Leaving the pictures aside, repeat each line below exactly.
DATA SECTION Block Start
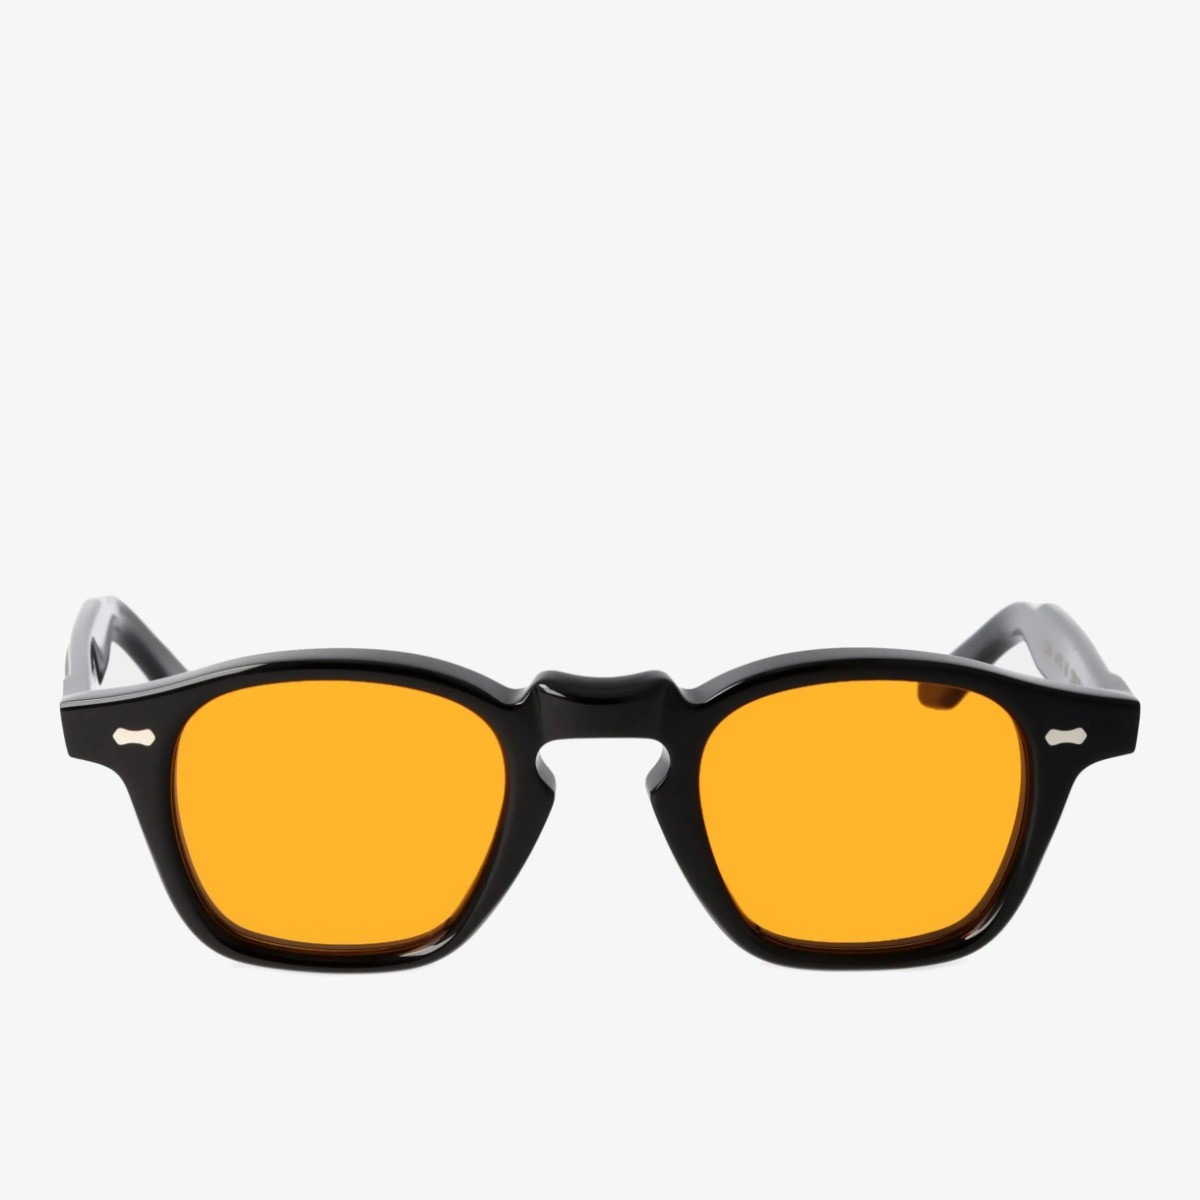 TBD Eyewear Cord black frame orange lenses sunglasses
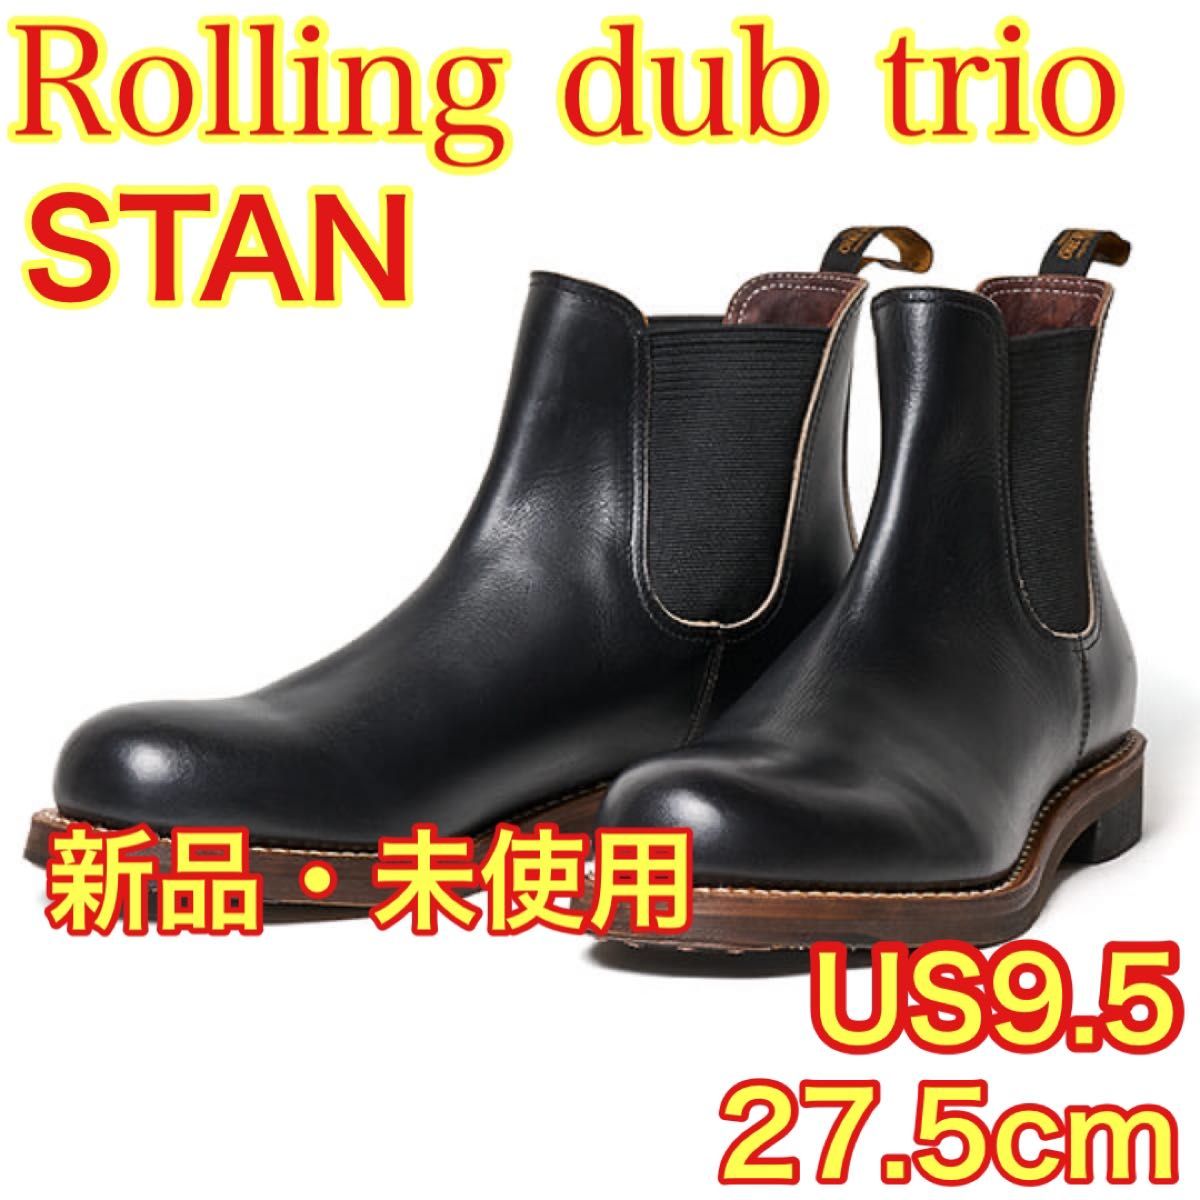 ROLLING DUB TRIO STAN US9 5 27 5cm｜PayPayフリマ
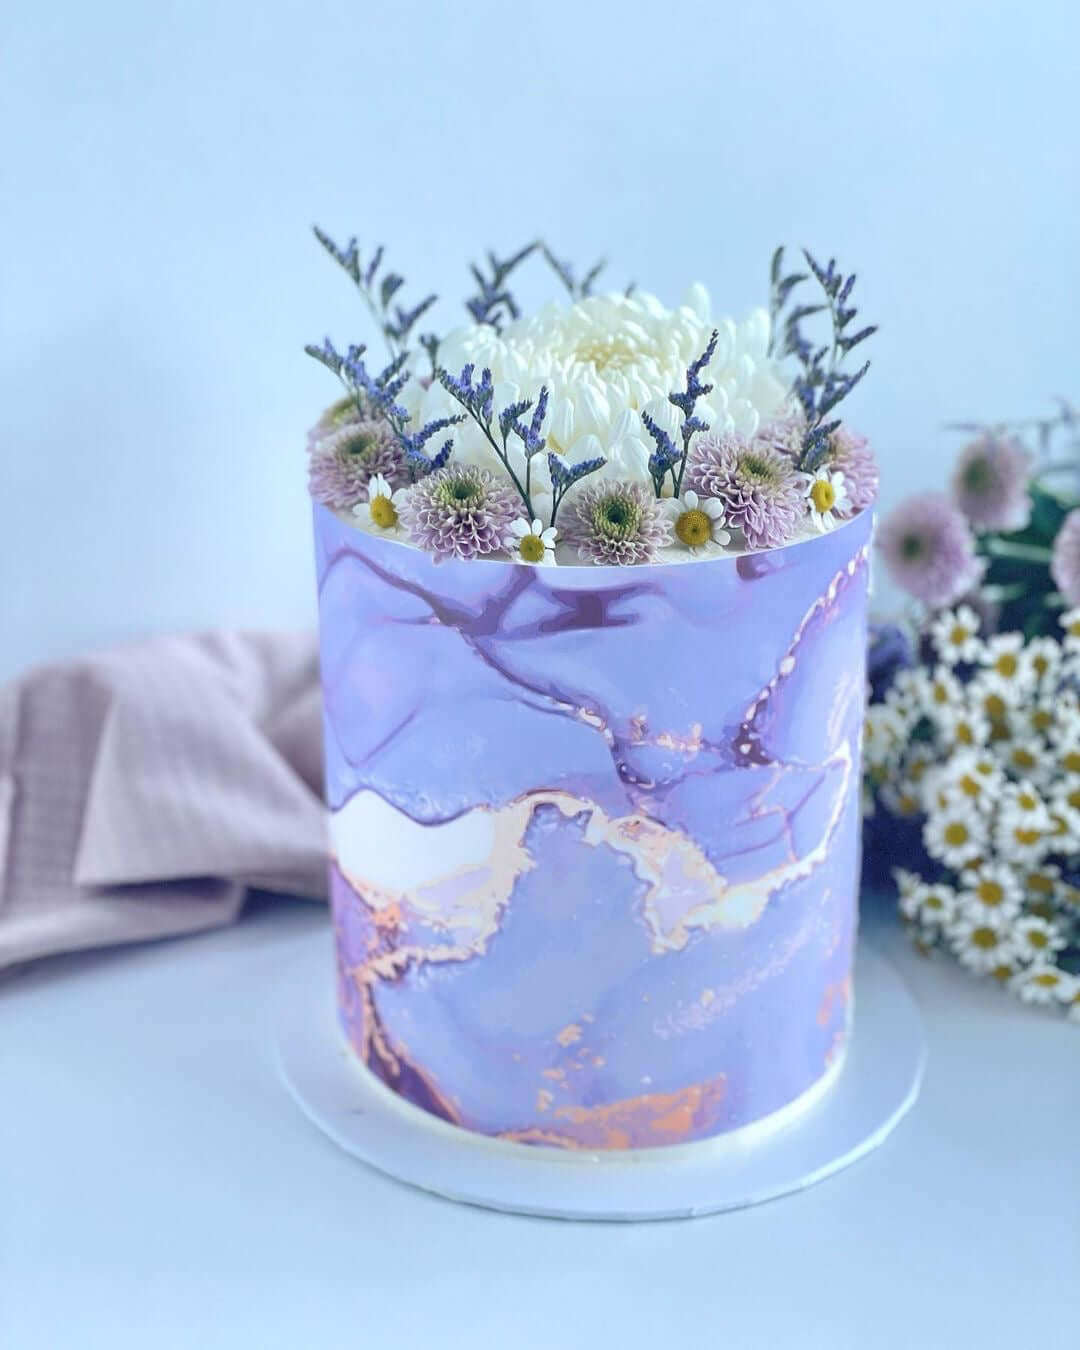 How To Make a Purple Marble Buttercream Fault Line Cake | Tutorial |  Kurlina's Foodie Chronicles - YouTube
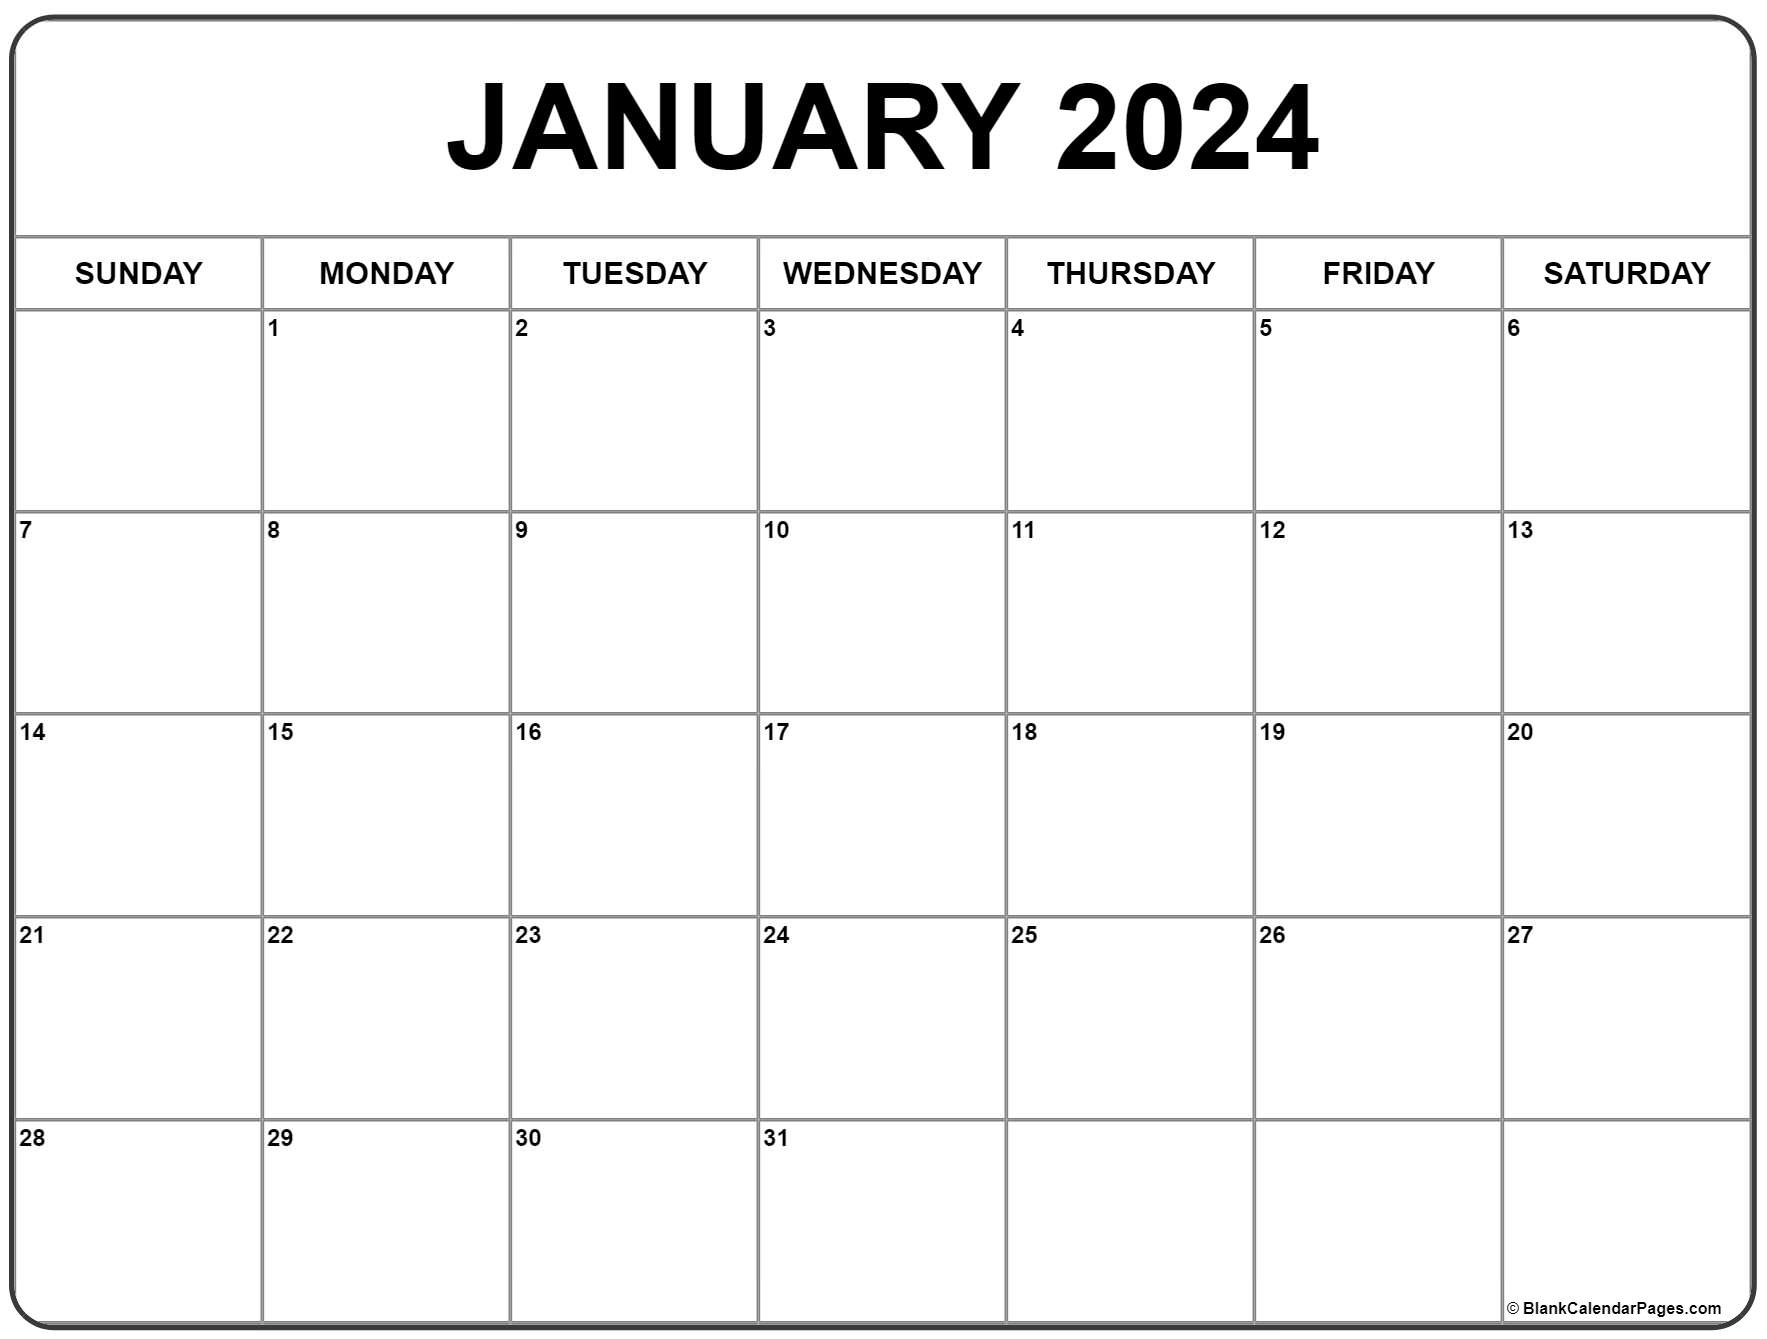 January 2024 Calendar | Free Printable Calendar for 2024 Calendar Months Printable
DATA SECTION Block End
● **SOLUTION TO THIS EXERCISE**
 TBD Eyewear Cord black frame orange lenses sunglasses
 ROLLING DUB TRIO STAN US9 5 27 5cm｜PayPayフリマ
 How To Make a Purple Marble Buttercream Fault Line Cake | Tutorial |  Kurlina's Foodie Chronicles - YouTube
 January 2024 Calendar | Free Printable Calendar for 2024 Calendar Months Printable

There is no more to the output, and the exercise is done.